Can diet alone treat nephrotic syndrome?
No. Diet helps manage symptoms like swelling and high cholesterol, but it doesn’t fix the damaged kidney filters. Medications like steroids or immunosuppressants are needed to reduce proteinuria. A low-salt, balanced-protein diet supports treatment but can’t replace it.
Why do people with nephrotic syndrome get blood clots?
When the kidneys leak large amounts of protein, they also lose anticoagulant proteins like antithrombin. This makes the blood more likely to clot. The risk is highest when serum albumin drops below 2.0 g/dL. Blood clots can form in the legs, lungs, or even the kidney veins themselves, which can cause sudden pain and kidney damage.
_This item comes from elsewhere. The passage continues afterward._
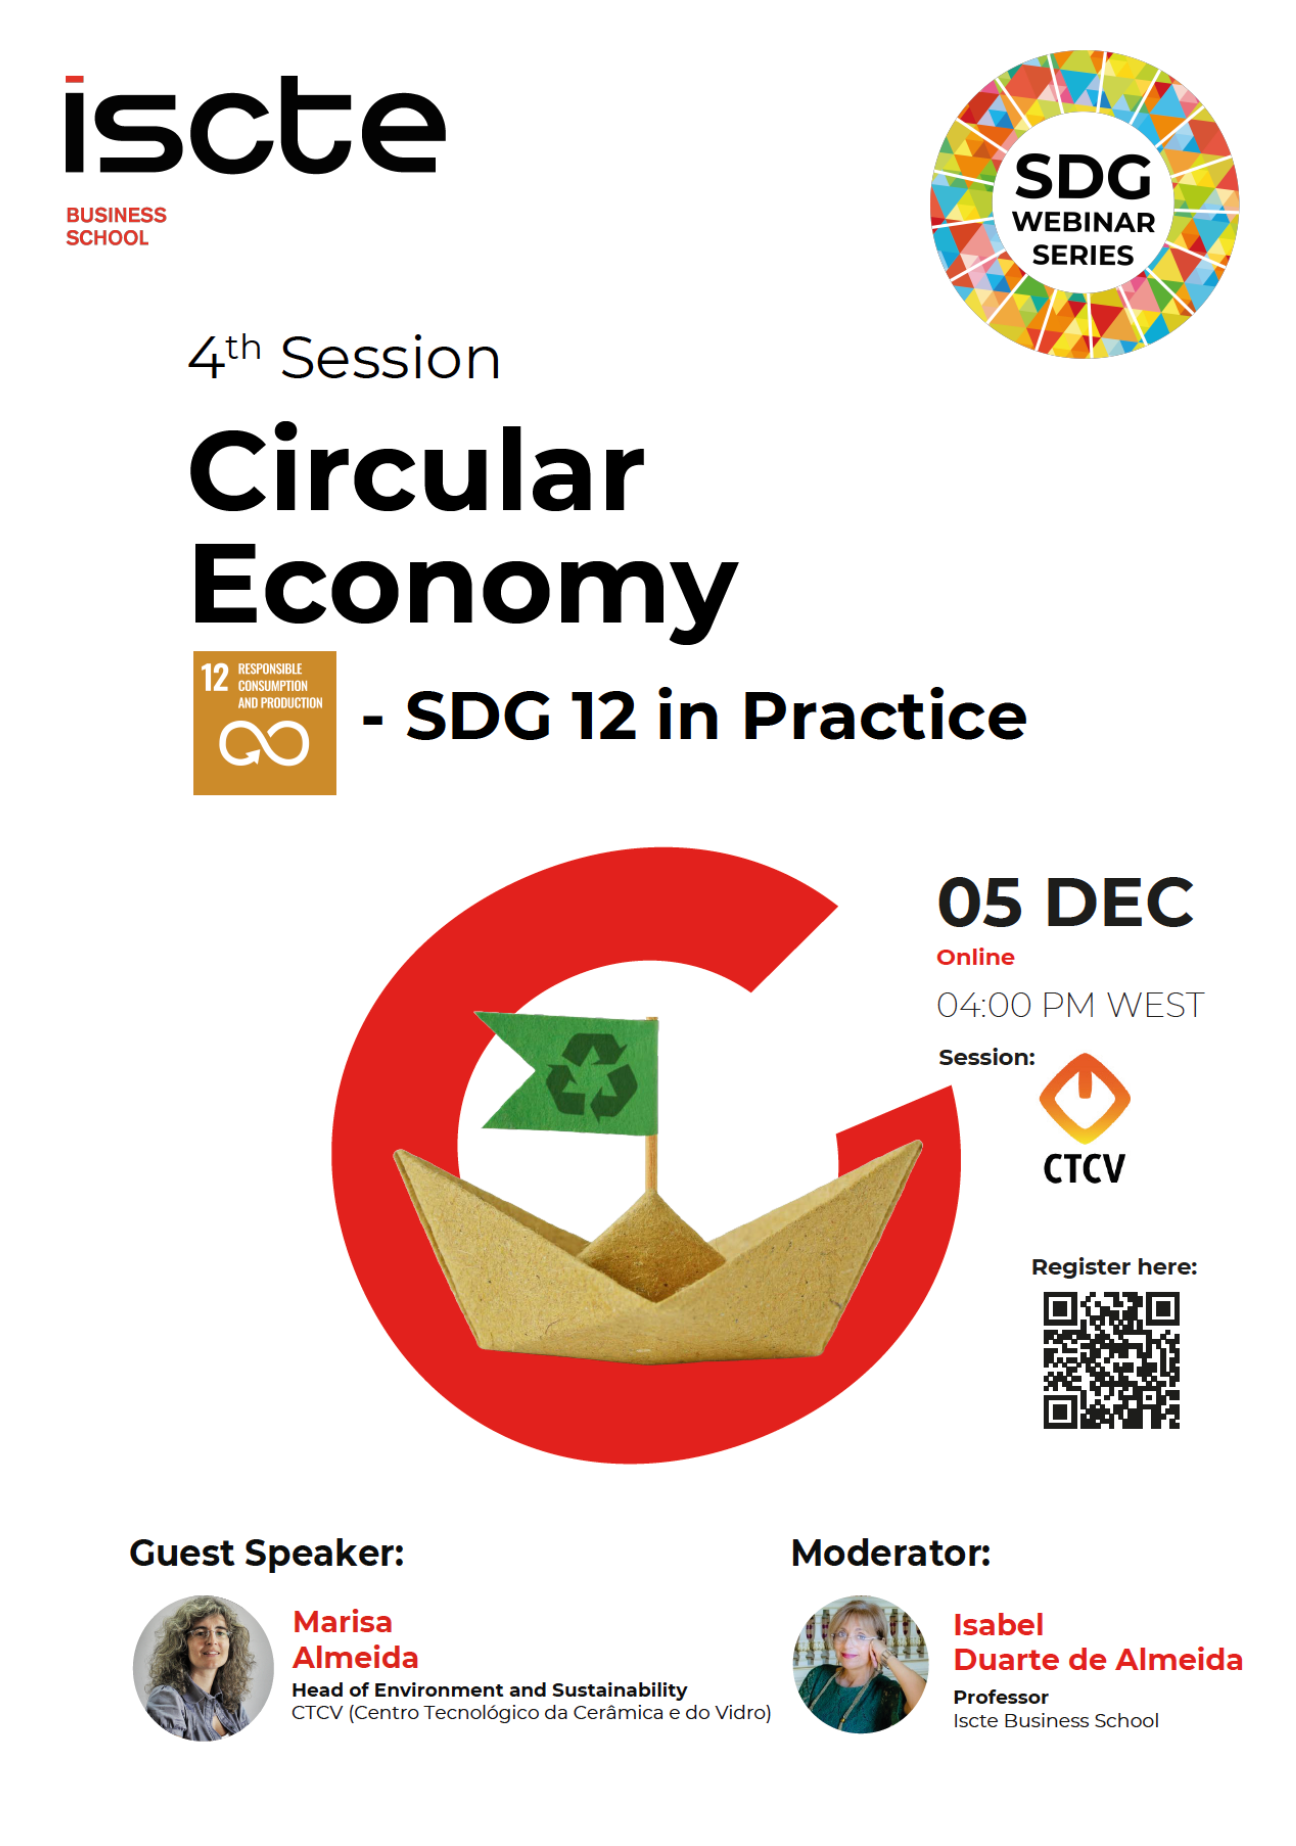 SDG Webinar Series - Circular Economy - SDG 12 in Practice

Is nephrotic syndrome genetic?
Most cases aren’t. But about 1% are caused by inherited gene mutations, like NPHS1 or NPHS2. These usually show up in infancy or early childhood. Genetic testing is now recommended for babies under 1 year old with nephrotic syndrome or those with a family history. If it’s genetic, steroids won’t work-treatment focuses on managing symptoms and preparing for possible kidney transplant.
Can you live a normal life with nephrotic syndrome?
Yes, many do. Kids with minimal change disease often outgrow it by adolescence. Adults with responsive forms can stay in remission for years with proper treatment. The key is regular monitoring, sticking to meds, watching your salt intake, and treating relapses early. While some may eventually need dialysis, most can live full, active lives with careful management.